Puerto Rico: Tropical Tax Haven for America's Super-Rich

By Updated at 2014-06-27 18:57:51 +0000


It’s 2 a.m. at the La Factoria bar in Puerto Rico’s Old San Juan, a hipster joint with a sagging couch, tile floors, and Christmas lights that wouldn’t be out of place in Brooklyn’s Williamsburg. While Get Lucky plays, tipsy couples slink out the doors onto the colonial city’s cobblestone streets and into this warm April night. At the bar, a 28-year-old hedge fund trader—the type of person who posts his SAT results on his LinkedIn page—is ranting about the tax code. He’s obsessed with it, complaining that the U.S. is the only major country taxing citizens on their worldwide income, no matter where they reside. That’s why he moved here.

Struggling to emerge from an almost decadelong economic slump, the Puerto Rican government signed a law in early 2012 that creates a tax haven for U.S. citizens. If they live on the island for at least 183 days a year, they pay minimal or no taxes, and unlike with a move to Singapore or Bermuda, Americans don’t have to turn in their passports. (Puerto Ricans are U.S. citizens but cannot vote in federal elections.) About 200 traders, private equity moguls, and entrepreneurs have already moved or committed to moving, according to Puerto Rico’s Department of Economic Development and Commerce, and billionaire John Paulson is spearheading a drive to entice others to join them.

Puerto Rico’s low-tax welcome mat comes as some of the wealthiest Americans grow more anxious about tax increases and rhetoric directed at the rich. Tax bills have risen after a 10-year break under President George W. Bush that disproportionately favored the rich. The 2008 global financial crisis and the recession that followed also unleashed movements such as Occupy Wall Street that focused attention on growing inequality and the responsibility of large financial institutions in helping to create the mess.

In October 2011 protesters marched by the homes of Manhattan’s billionaires, including Paulson’s. A little more than a year later, President Barack Obama beat Mitt Romney in an election that highlighted the latter’s wealth and private equity background. “I’m worried about the shifting mentality among the electorate, people blaming problems on the rich, on business, and on capitalism,” says Peter Schiff, a onetime candidate for the U.S. Senate from Connecticut and a former economic adviser to libertarian presidential hopeful Ron Paul. “I’m afraid that the tax rates that are already high will get higher in the years ahead,” maybe up to 60 percent or 70 percent, he added.

Schiff, who runs Westport (Conn.)-based brokerage Euro Pacific Capital, relocated his $900 million asset management arm from Newport Beach, Calif., to San Juan in 2013. He plans to move to the island within the next several years. (For now, a son from a first marriage is keeping him in Connecticut.)
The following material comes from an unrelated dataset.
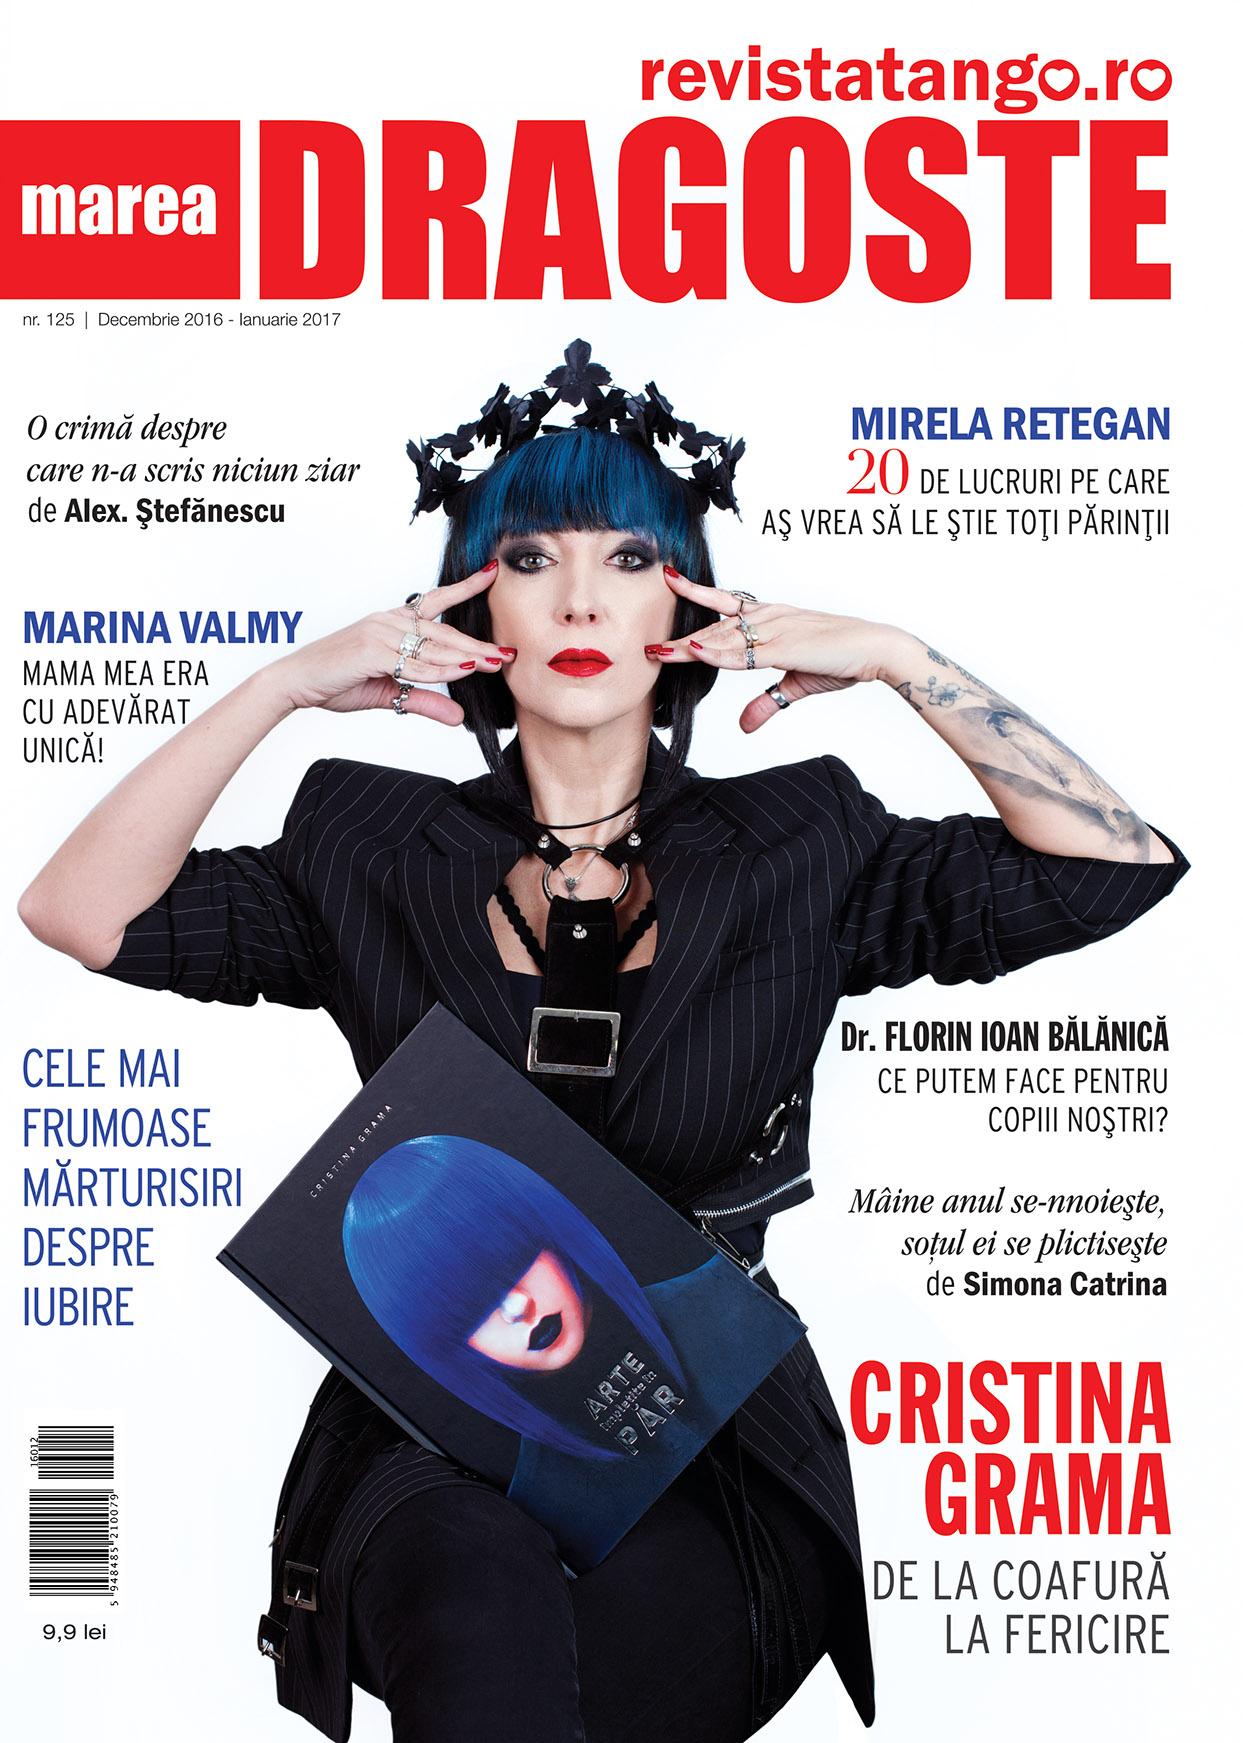 coperta Marea Dragoste-RevistaTango, nr. 125_decembrie 2016-ianuarie 2017_Cristina Grama

Under Puerto Rico’s new rules, an individual who moves to the island pays no local or federal capital gains tax (capital gains are charged based on your tax home rather than where you earn them) and no local taxes on dividend or interest income for 20 years. Even someone working for a mainland company who is a resident of the island would be exempt from paying U.S. federal taxes on his salary. Moving to the island won’t kill all taxes: U.S. citizens still have to pay federal taxes on dividend or interest income from stateside companies. But the savings can be extraordinary, especially if considering the compounding effects, says Alex Daley, chief technology investment strategist at Casey Research, a firm that publishes reports for investors. Late last year, Daley moved from Stowe, Vt., to Palmas del Mar, about 45 minutes from San Juan. Say you put $100,000 in a 5 percent certificate of deposit that compounds annually and reinvest the proceeds every year. If you lived in Puerto Rico, you’d earn $165,000 in interest over two decades, Daley calculates. If you lived in California, your state and federal taxes could reduce that to as little as $64,000.

Paulson, who made $15 billion for himself and his investors betting against U.S. mortgages during the financial crisis, helped start the wave of transplants last year, when he considered moving to the island. Paulson cited excessive media attention as his reason for staying put in the States. The press reports had an unintended consequence, though: Word quickly spread to other wealthy individuals that Puerto Rico wanted them.